Hi Leon,
Using more advance models like k.p is definitely a good and reasonable idea when one want to get more details about the system.
More advance models like k.p should work without problems with Kwant, you are not restricted to one band effective mass models.
What Kwant cannot do however is to use continuous model to calculate transport properties. You always need to have a tight-binding model.
Kwant’s continuum module that was introduced in version 1.3 can be helpful here.
When you do a transport calculations with Kwant you only need to take care that in desire energy window your tight-binding dispersion
agrees with continuous k.p dispersion.
So to answer to your question
is there a reasonably simple way to restrict the range of k values that kwant considers?
would be: you don’t need to restrict the range of k values, you need to make sure that your model is correct at the
energy you are interested in.
If I missed something I believe core developers will correct me.
Best,
Rafal
Hello,
I’m interested in using kwant to look at transport beyond the effective mass approximation. To that end, I’ve entered a Hamiltonian that reproduces silicon’s band structure [specifically, the k.p Hamiltonian from M. Cardona and F. H. Pollak, Phys. Rev. 142, 530 (1966)] into a 1D kwant lattice.
When I plot the bands in the leads using kwant.plotter.bands, at first it looks nothing like Si’s band structure (see lead_bands.pdf, attached). However, when zoomed in to an appropriate k range for Si, Si’s band structure is there as expected (see lead_bands_zoom.pdf, attached). To be more specific, this is Si’s band structure in the (100) direction, which is what I was aiming for.
However, this is still useless for transport because kwant calculates transmission as a function of energy for all k values – including k values that are meaningless for Si and need to be excluded from the calculation.

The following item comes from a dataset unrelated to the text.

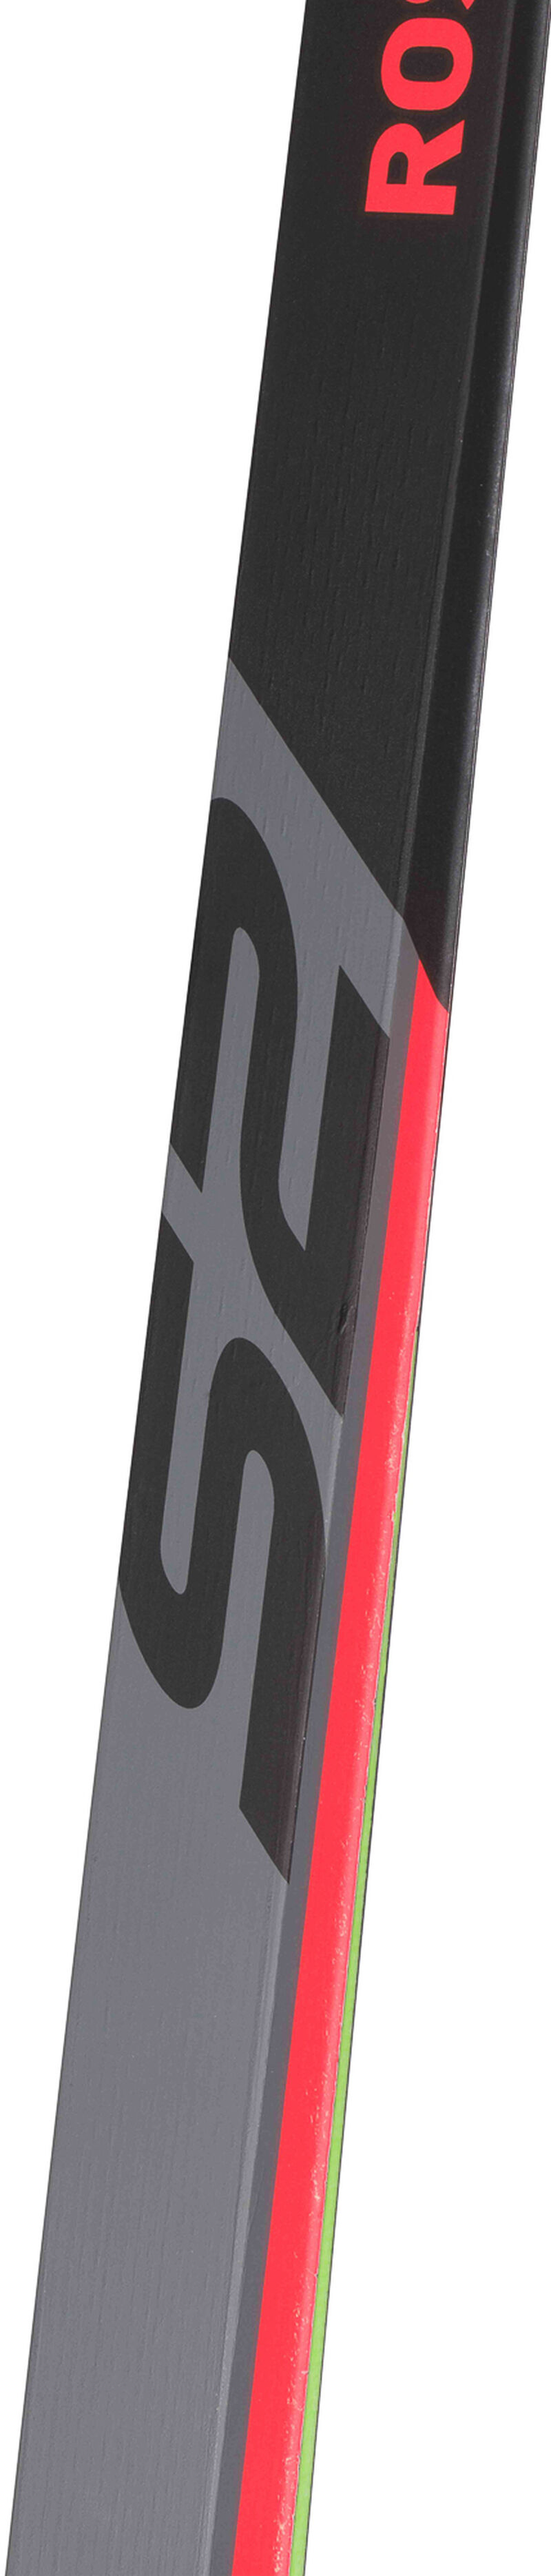 Unisex Nordic Racing Skis X-IUM SKATING PREMIUM+S2 SOFT

So, I think that my question boils down to: is there a reasonably simple way to restrict the range of k values that kwant considers? If not, can you think of another way to hack a full band structure into kwant?
Thanks.
-Leon
PS. Just to preempt some non-helpful answers: I am not interested in replies along the lines of “You couldn’t possibly need to include the full band structure. Just use an effective mass.” I have good reasons to want to include the full band structure.